In early January 2011, Mara Thompson confirmed her intent to contest the special election called to fill the seat of her late husband in the Saint John constituency. David Thompson had held since the Saint John seat from 1987 to 2010, succeeding the late Prime Minister Errol Barrow, who also died in office. The Saint John is considered to be a stronghold for Thompson's Democratic Labour Party (DLP). Thompson's candidacy won the official endorsement of the DLP at a meeting held on 2 January 2011. Thompson won 60 of the DLP's 69 votes, defeating several potential DLP candidates, who included Leroy McClean, Anthony Walrond, Vere Brathwaite, David Gittens and Peter David. Thompson made her first political speech as a candidate on 6 January 2011, in the village of Gall Hill, Christ Church parish.

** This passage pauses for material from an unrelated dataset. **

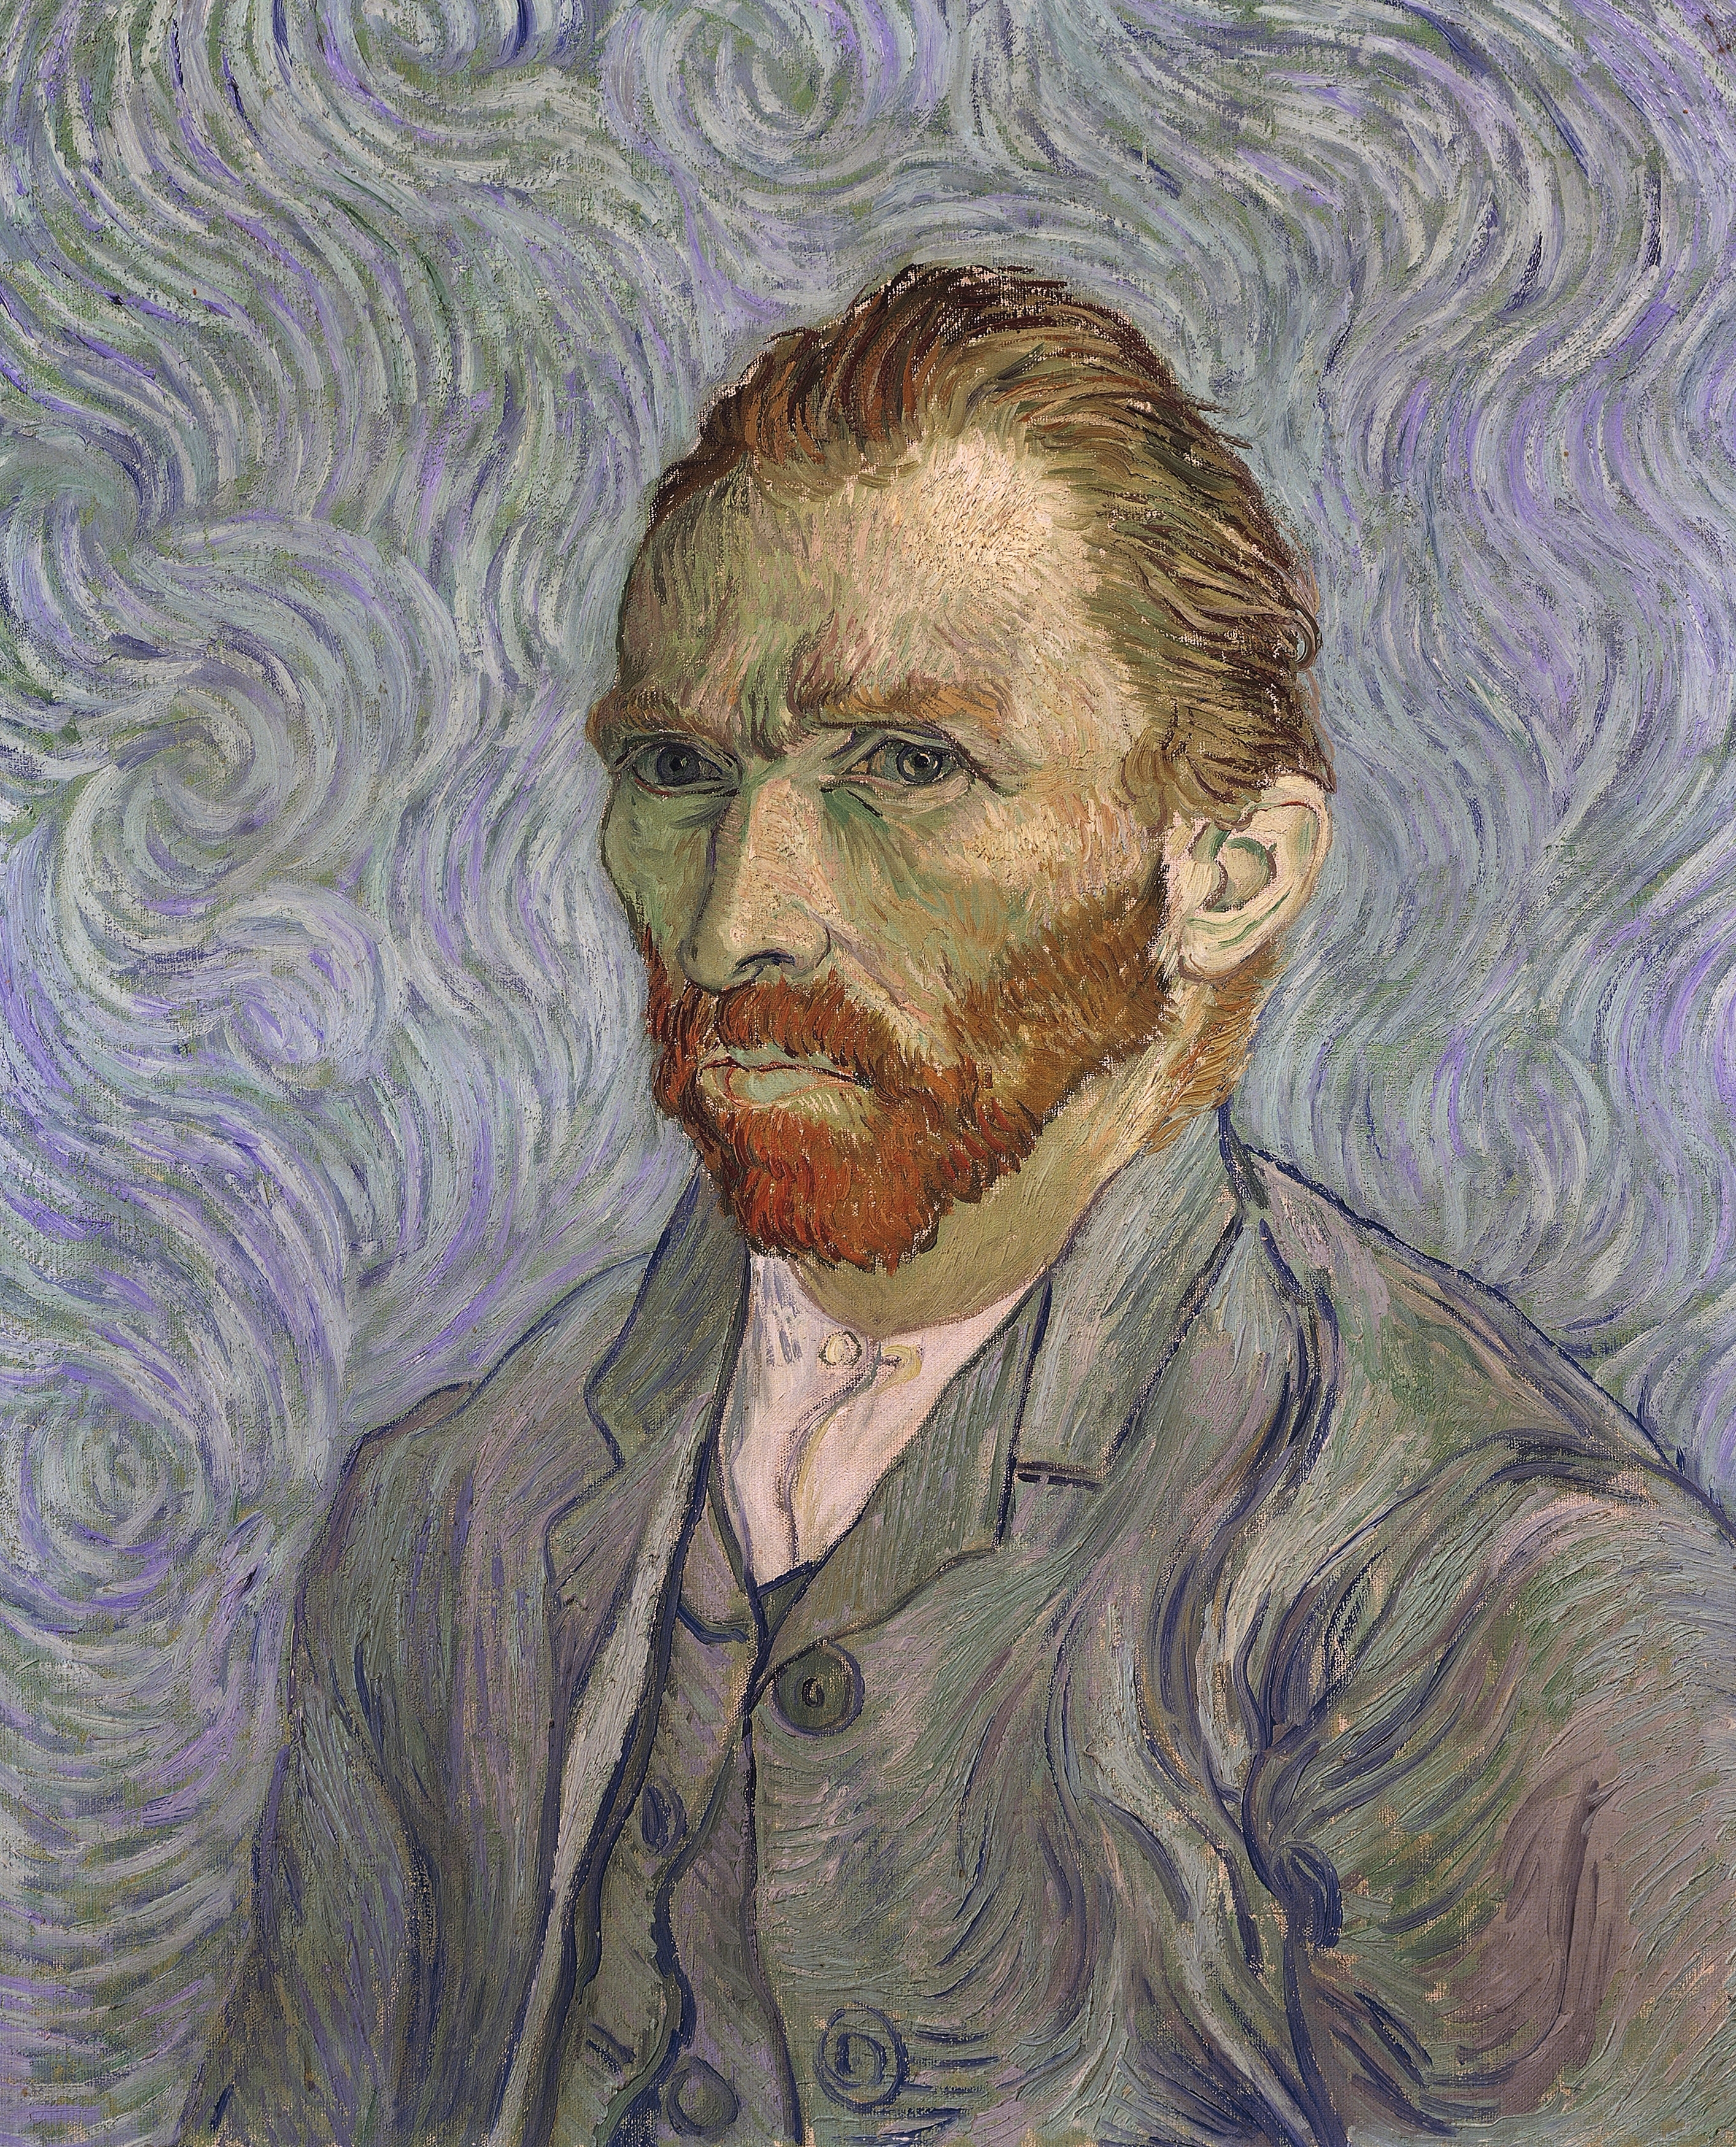 Self-Portrait, 1889, by Vincent Van Gogh (1853-1890).
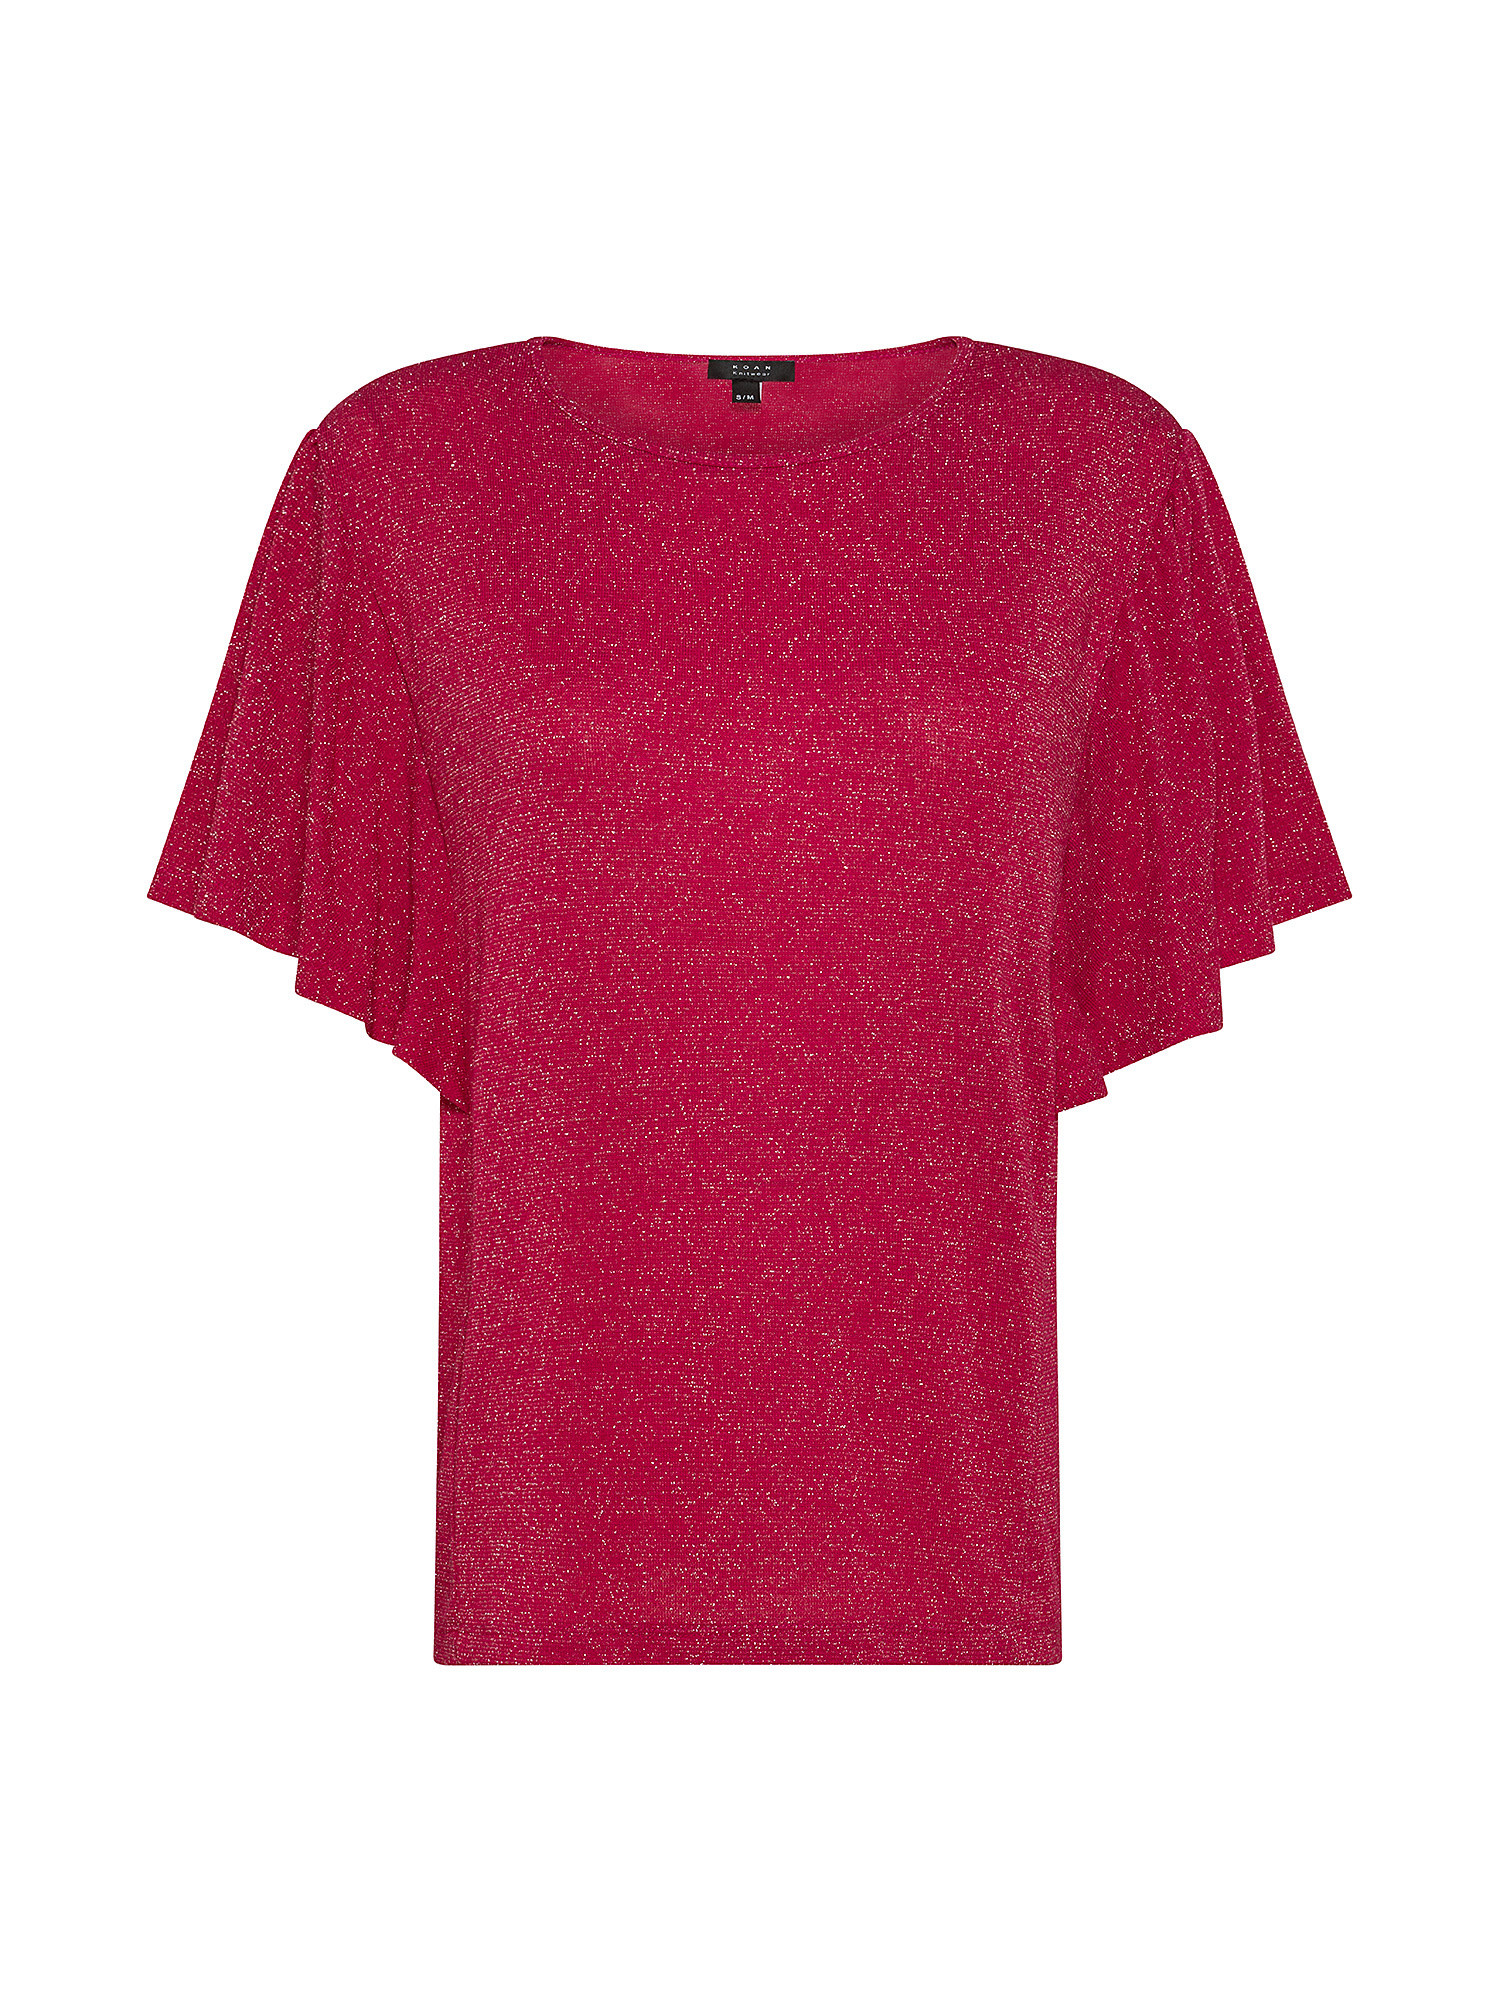 Bat sleeve T-shirt, Pink Fuchsia, large image number 0

Her main opponent in the election was businessman Hudson Griffith of the Barbados Labour Party (BLP). Owen Arthur, the former Prime Minister and leader of the opposition and Barbados Labour Party attempted to make Thompson's Saint Lucian origins an issue in the election. Arthur was criticized for the move by Barbadian Prime Minister Freundel Stuart, Saint Lucian Prime Minister Stephenson King and Vincentian Prime Minister Ralph Gonsalves.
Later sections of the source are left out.